Thursday, July 27, 2006

Your almond eyes

Tumhari aankhon ka aakash
Saral aankhon ka neela aakash

(The sky of your eyes
The blue sky of
Your simple eyes)

You were too young to have inspired the above lines of a Hindi poet, who wrote it decades ago. But if you ask me, Priyadarshani, I would like to compare your eyes to the raw, green spring almonds of Kashmir. I have been told that you were an award-winning singer, who performed in faraway nations like Russia. Tell me, did they look at you, the Russians, and utter: Mera joota hai Japani, ye patloon Hindustani – did they?

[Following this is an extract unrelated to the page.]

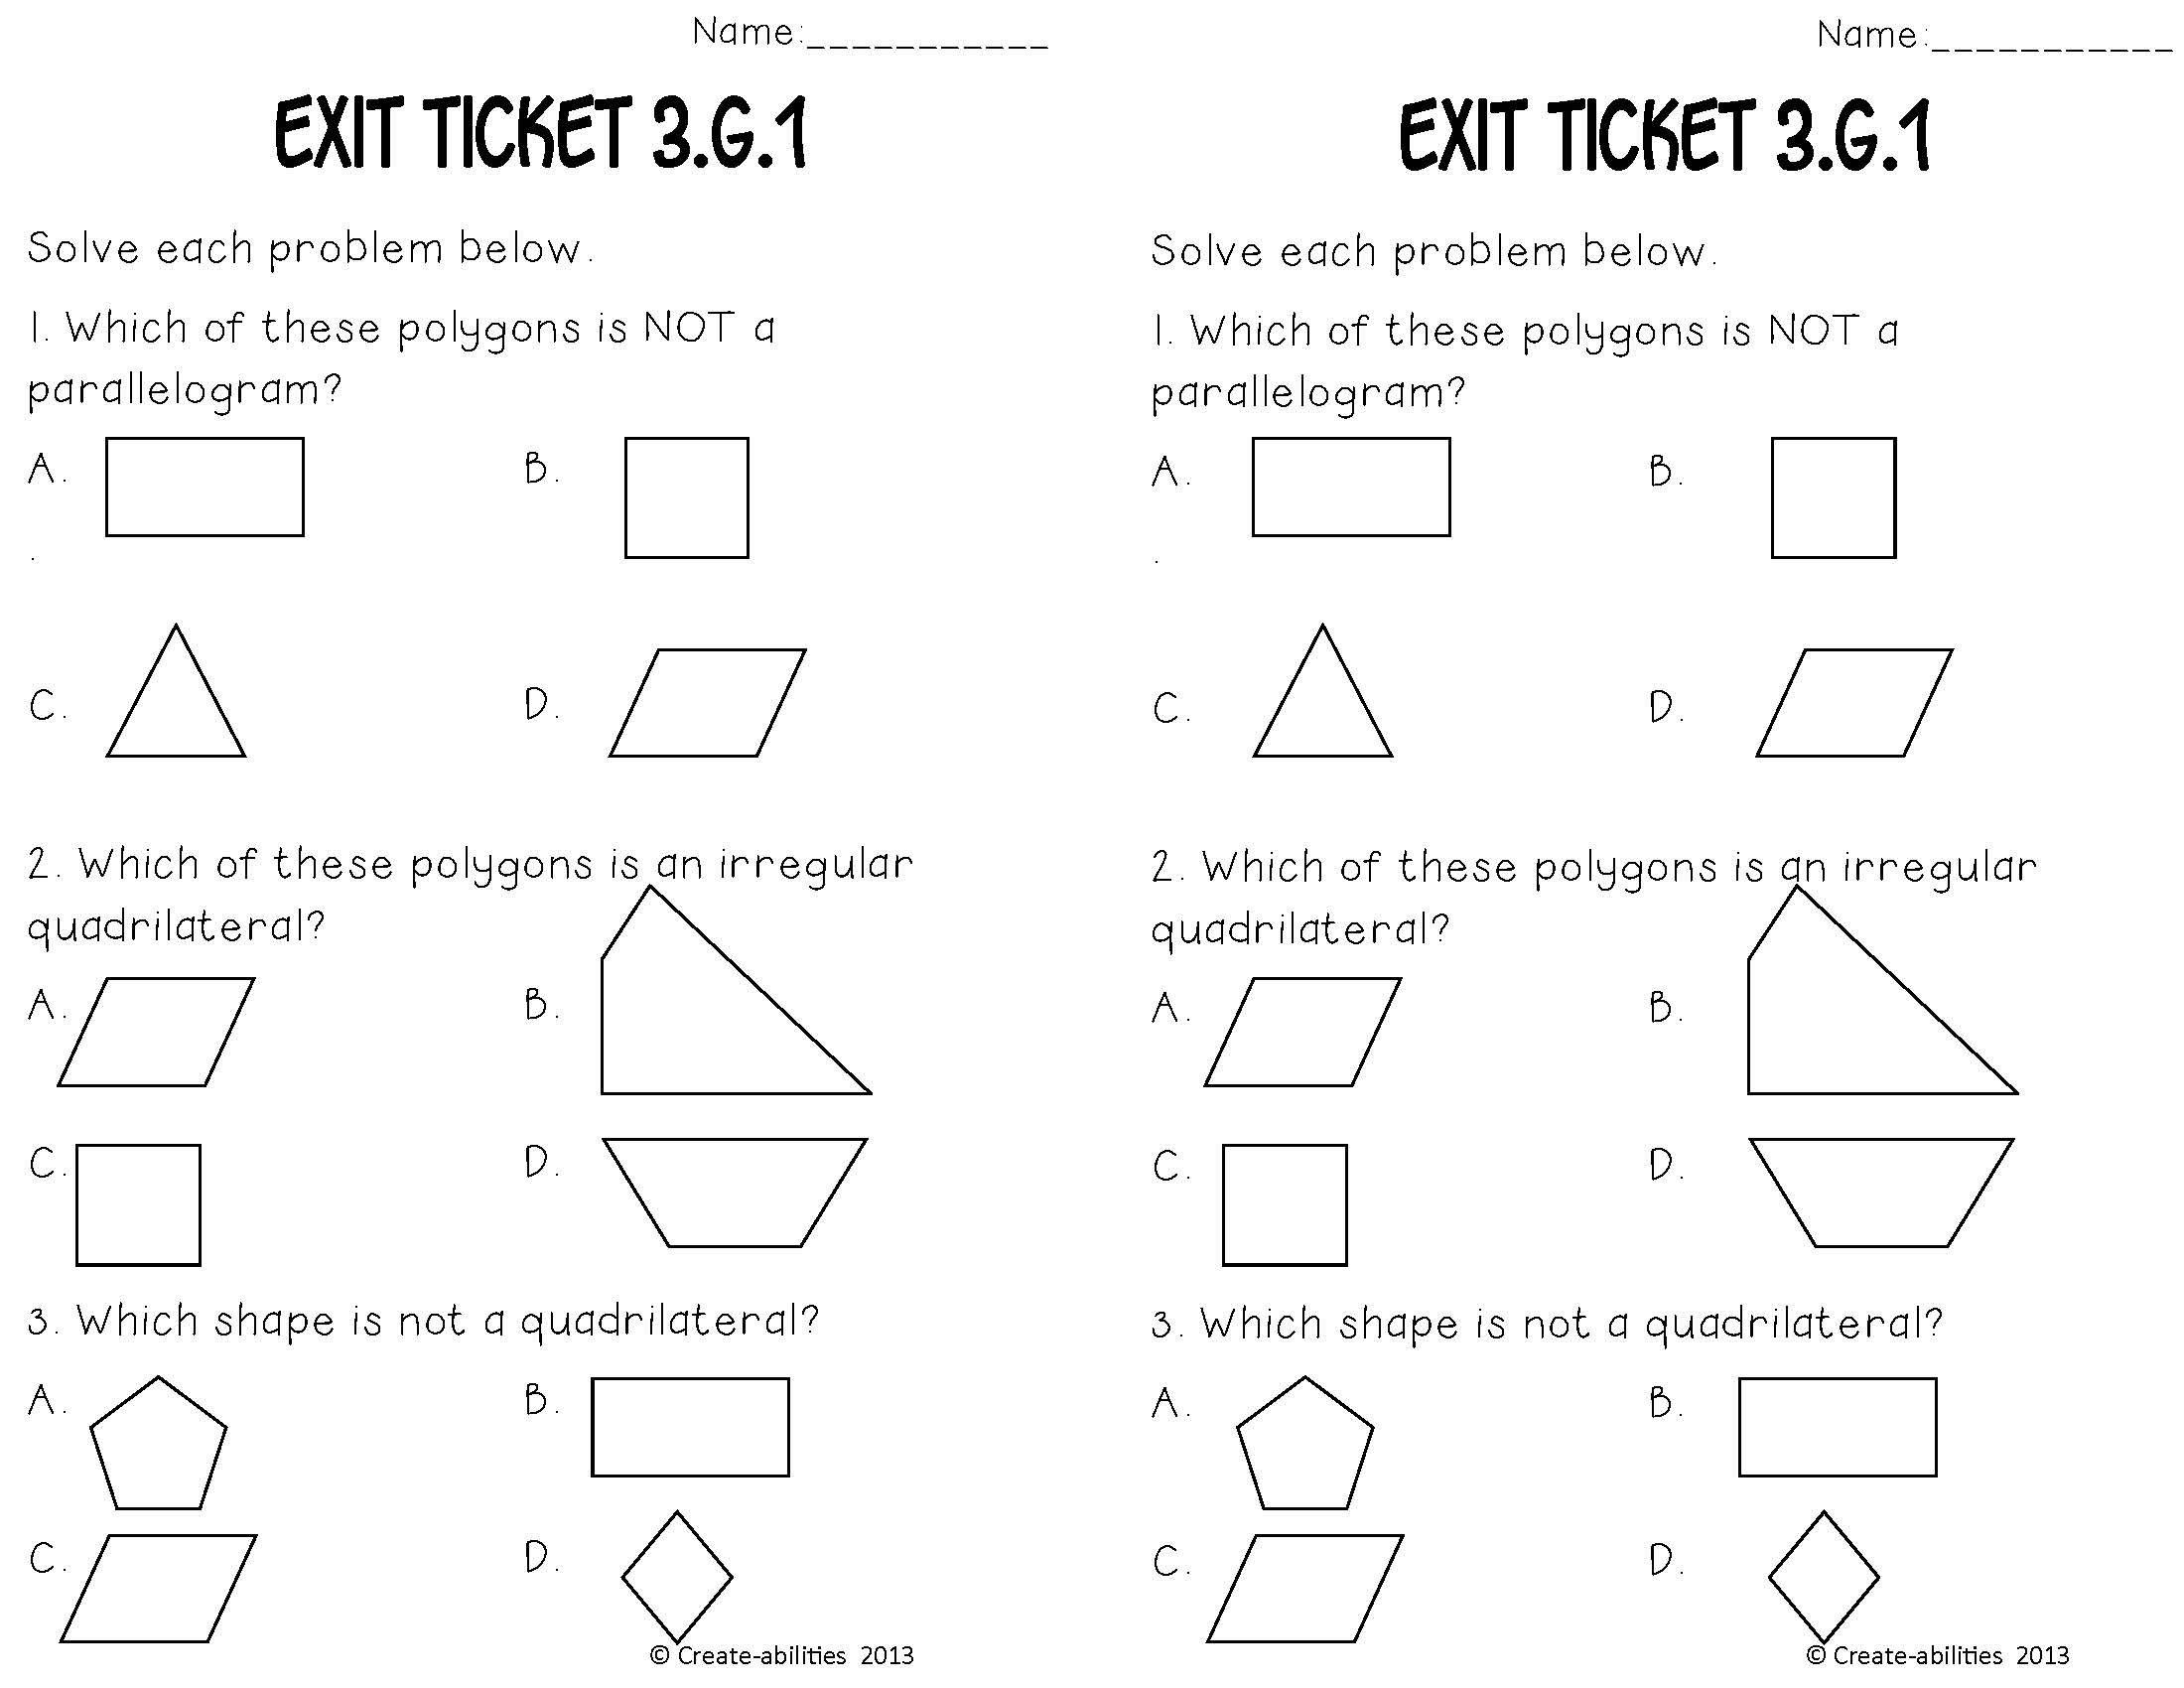 Merged 3 G 1 2 Set Page 13

I imagine you walking on the road near your South Delhi house, humming a tune gently. Or smiling shyly in affirmation on being asked: Are you a Kashmiri? Yes you were and to be recognised on the streets as one, you did not need the symbolic Dejharu.

Long before you turned 26, your parents, like almost all Kashmiri Pandit families, must have begun to amass many small and big things to be sent along with you at the time of your marriage. Kashmiri shawls, carpets, silverware. They must have spoken in hushed tones about this or that boy who they would have seen during marriage ceremonies of friends and relatives.

These days, I visit your area quite often. I am just trying to help my friend Ajay in his next film. He lives just behind the road that Santosh Kumar would have taken to approach your house, rape you and then kill you by strangulating you with a telephone cable.

You are no more than a faded picture in this mortal world. Your killer is a practising lawyer. But you know, Priya, I have just been back after listening to a man’s story who witnessed the 1947 Indo-Pak partition as a five-year old kid. There is no heaven or hell. Every account is settled here on Earth. His will be too. But don’t you know that already?

This evening, a friend sang Shiv Kumar Batalvi’s song:

Ik kudi
Jidda naam mohabbat
Saad muradi
Soni fabbat
Gumm hai, gumm hai
Gumm hai

(A girl
Named love
She is lost
Lost she is)

Where do I find you? Hey don’t pinch my shoulder.

1 comment:

Anonymous said...

Slightly drier than your usual style, your story has a porousness that carries Priyadarshani's life right to my face, where it slaps me so I don't forget her. Great tribute to a person, and to the principles that failed, so she lost her life. A fire burns in you about those principles, so hot and hard that you turn your face sideways to it and write like this. Like this.